Мы не можем вместить в голову слишком много – нам столько не надо. Будучи приглашенным на прием со столом из ста блюд, вы все их даже не надкусите, будет достаточно, допустим 15. Вот в литературе остаются таких 15, остальные уходят. Причем, дело не всегда в литературном качестве, а в востребованности именно такого настроения, стиля, тематики. Шекспир не был знаменит все 400 лет после смерти, был долгий период забвения. И Баха не так ценили современники, как его ценили в XX веке и сейчас – в XXI. Остаются единицы. И это трагично для тех, кто не остается.

– Вы читаете лекции по современной русской литературе в зарубежных университетах. Какой Вы ее видите?

– У меня есть довольно кратко записанная лекция, прочитанная в Пекинском университете в 2007 году. Это как раз обзор современной русской литературы. Она входит в книгу «Перпендикуляр».

Если кратко: есть литература женская, как правило, коммерческая – это Полякова, Устинова, Донцова. Есть некоммерческая, скажем, Людмила Улицкая и Дина Рубина проходят по ведомству всемирных писателей. И Дашкова – писатель достаточно серьезный, в Германии ее много переводят. Основные читательницы такой литературы – женщины из группы, которую социологи и маркетологи называют «50+», то есть женщины после 50, как правило, с высшим образованием или склонностью к оному.

Мужская коммерческая литература – это Бушков, Корецкий. Акунин, наверное, – и для мужчин, и для женщин. Это литература хоть и коммерческая, но очень высокого качества. Ее можно читать, не боясь испортить вкус. Что касается некоммерческой, условно говоря, постмодернистской литературы – это Сорокин, Пелевин и другие, примыкающие к ним. Есть универсал Дмитрий Быков, околонародник из нацболов Захар Прилепин, знаменитый плетеными словесами Иличевский. Здесь я ничего нового не скажу – вы их и так знаете.
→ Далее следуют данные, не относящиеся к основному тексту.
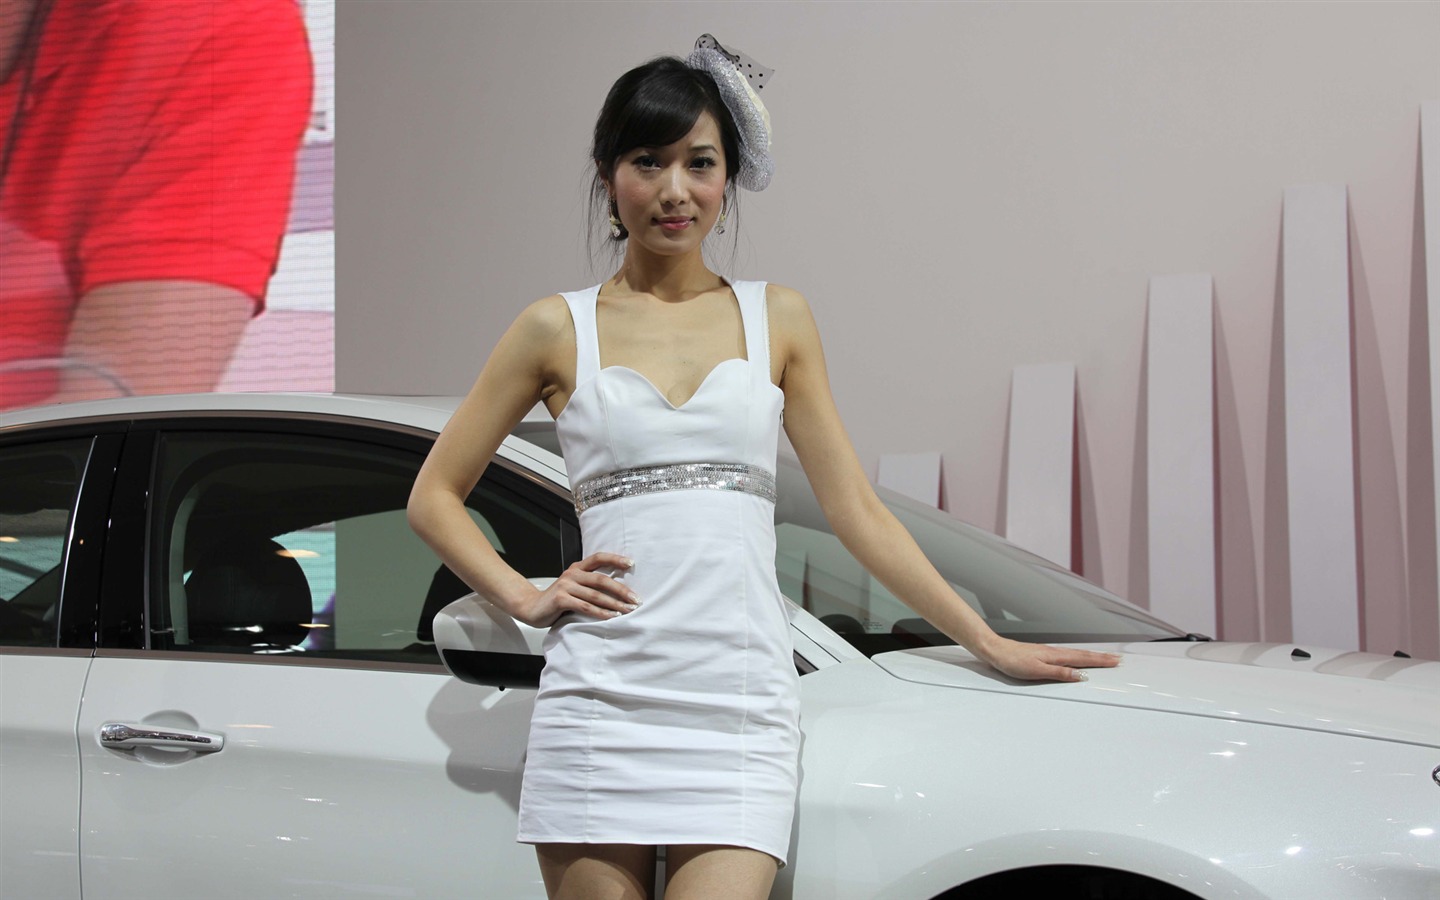 2010 Beijing International Auto Show beauty (2) (the wind chasing the clouds works) #33 - 1440x900

– Вы упомянули постмодернистских авторов. Как Вы к ним относитесь?

– Я думаю, что это разовые экзерсисы, потому что изображение жизни не в ее формах возможно, пока человек имеет представление о самой жизни. Это как в живописи. Она впереди прочих родов искусств в освоении новых пространств, поскольку 95% информации мы получаем через зрение. Пока есть реалистическая живопись – она может называться романтизмом, классицизмом, неоклассицизмом – можно играть на ее отрицании, переиначивании. Если ее нет, все модернизмы и постмодернизмы мгновенно теряют смысл. Если бы Пиросмани со своими картинами на клеенках явился не в 1900 году, а в 1600-м, его бы отправили учиться рисовать. Все это могло появиться только тогда, когда реализм достиг вершин и выработал все возможные формы.

Вот и в литературе: один раз как взлом существующей традиции это имеет смысл, это свежо, интересно. Но не в двадцатый раз. А поскольку технически это несравнимо проще, искусство превращается в шарлатанство.

– Какой была бы книга Михаила Веллера о Михаиле Веллере?

– Хочется процитировать один кусочек из «Крестного отца» Марио Пьюзо: «Ты слишком высокого мнения обо мне, дружок, – сказал Салоцци. – Мне сейчас пора думать о том, как самому-то выпутаться из этой истории».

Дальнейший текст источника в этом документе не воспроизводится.